Desde la puerta abierta de la Fonda Los Paisitas se escucha un bolero de Juan Arvizu, se ven relojes antiguos, cámaras de rollo, radiecitos de perilla, cuadros religiosos y dos bicicletas colgadas del techo. Todo convive en un mismo espacio que huele a café recién colado, a aguardiente y a historias contadas con calma. “Aquí tengo de todo. Lo que me gusta ver, oír y recordar”, dice Héctor de Jesús Ochoa Álvarez, un hombre de 80 años que ha hecho de su negocio un pequeño museo paisa.
Nació a pocos pasos de allí, en una casa anaranjada que señala con orgullo. Se fue del pueblo varias veces, fue carnicero, cobrador, empleado en la fábrica Noel y cuidador de bestias, pero siempre volvió. Hasta que hace más de dos décadas, decidió quedarse para siempre. “Este negocio lo abrí en 2001, con 300 pesos y un par de cuadritos. No tenía nada más, pero tenía ganas”, recuerda.
Con paciencia llenó las paredes: botas de montar, carrieles, teléfonos de disco. Todo lo que encontraba o compraba en el pueblo o en Medellín se volvía parte de la decoración. Así se consolidó la fonda-museo, un lugar que parece contar la historia de varias generaciones a través de sus objetos. “Yo no tenía con qué montar algo grande, entonces empecé a poner cositas viejas. Ahora no cabe un cuadro más”, dice entre risas.
Hoy Los Paisitas es punto de encuentro para caminantes, vecinos y turistas que llegan a descubrir un rincón donde todo tiene una historia. “Aquí entra todo el mundo, desde los de 17 hasta los de 80 años.

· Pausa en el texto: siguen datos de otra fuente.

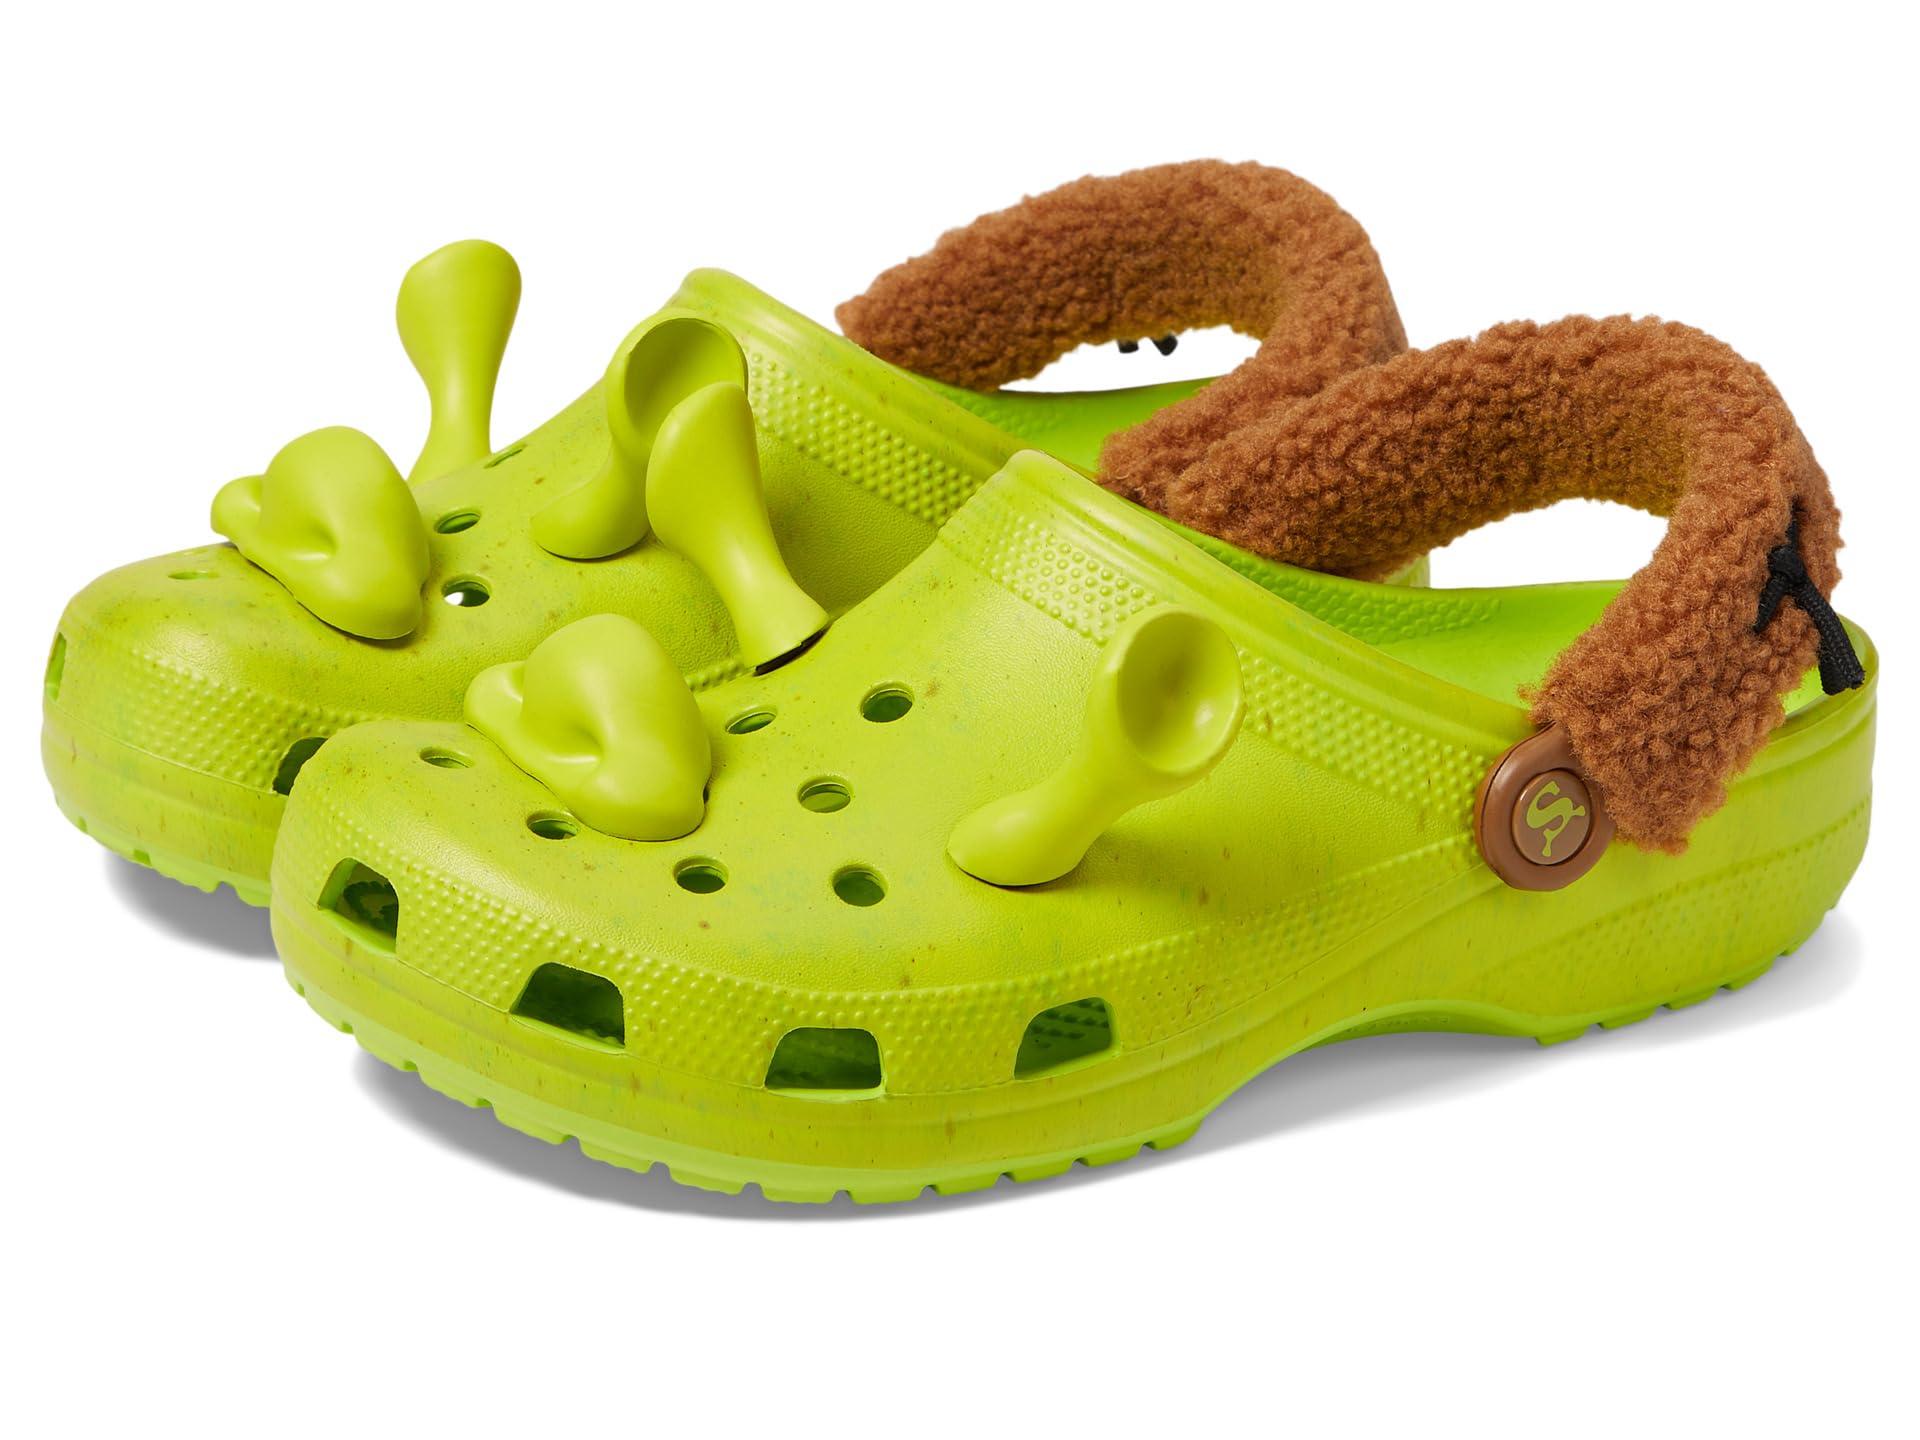 Shrek Crocs: Where can I buy the DreamWorks clogs?
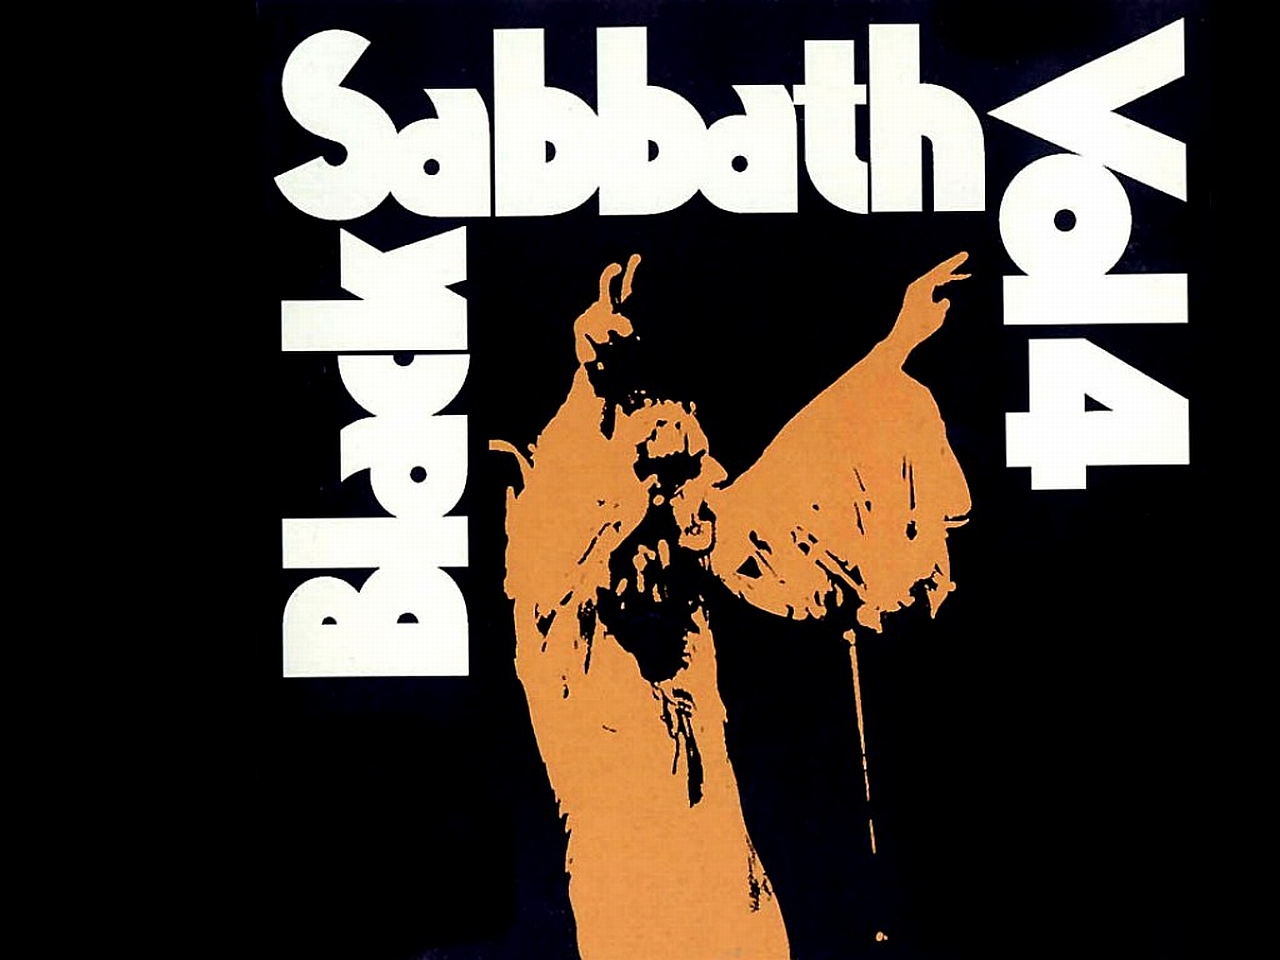 Black Sabbath Puter Wallpaper Desktop Background Id

Vienen a jugar cartas, a conversar, a escuchar música. Yo los atiendo a todos con cariño”, cuenta don Héctor, quien abre cada mañana a las ocho y cierra cuando el último cliente se va.
Recuerda que al principio pensó llamarla Mil huevonadas, en tono jocoso, porque no sabía cómo describir el surtido tan variado que tenía. Pero una vecina le regaló un pequeño retablo con el nombre Fonda Los Paisitas, y así se quedó. Luego formalizó el negocio ante la Cámara de Comercio de Medellín para Antioquia, un paso que considera fundamental. “Desde el primer día estoy afiliado. Eso es importante porque el negocio queda reconocido, y uno puede decir con orgullo que trabaja derecho”, afirma.
El tiempo ha pasado, pero él sigue firme detrás del mostrador. No tiene empleados, aunque a veces lo ayudan sus hijos o su yerno cuando la rodilla le molesta. Su esposa, maestra en una escuela rural, y sus cuatro hijos lo visitan cada quince días. “Mis hijos son mi orgullo. Todos estudiaron, todos son buenos conmigo, pero yo no me voy de aquí. Este es mi lugar”, afirma.
Héctor de Jesús Ochoa no sabe de marketing ni de tendencias, pero entiende de memoria, de conversación y de hospitalidad, tres valores que hacen que su fonda sea mucho más que un negocio. Su cantina es un refugio de la cultura popular antioqueña y un homenaje a la persistencia.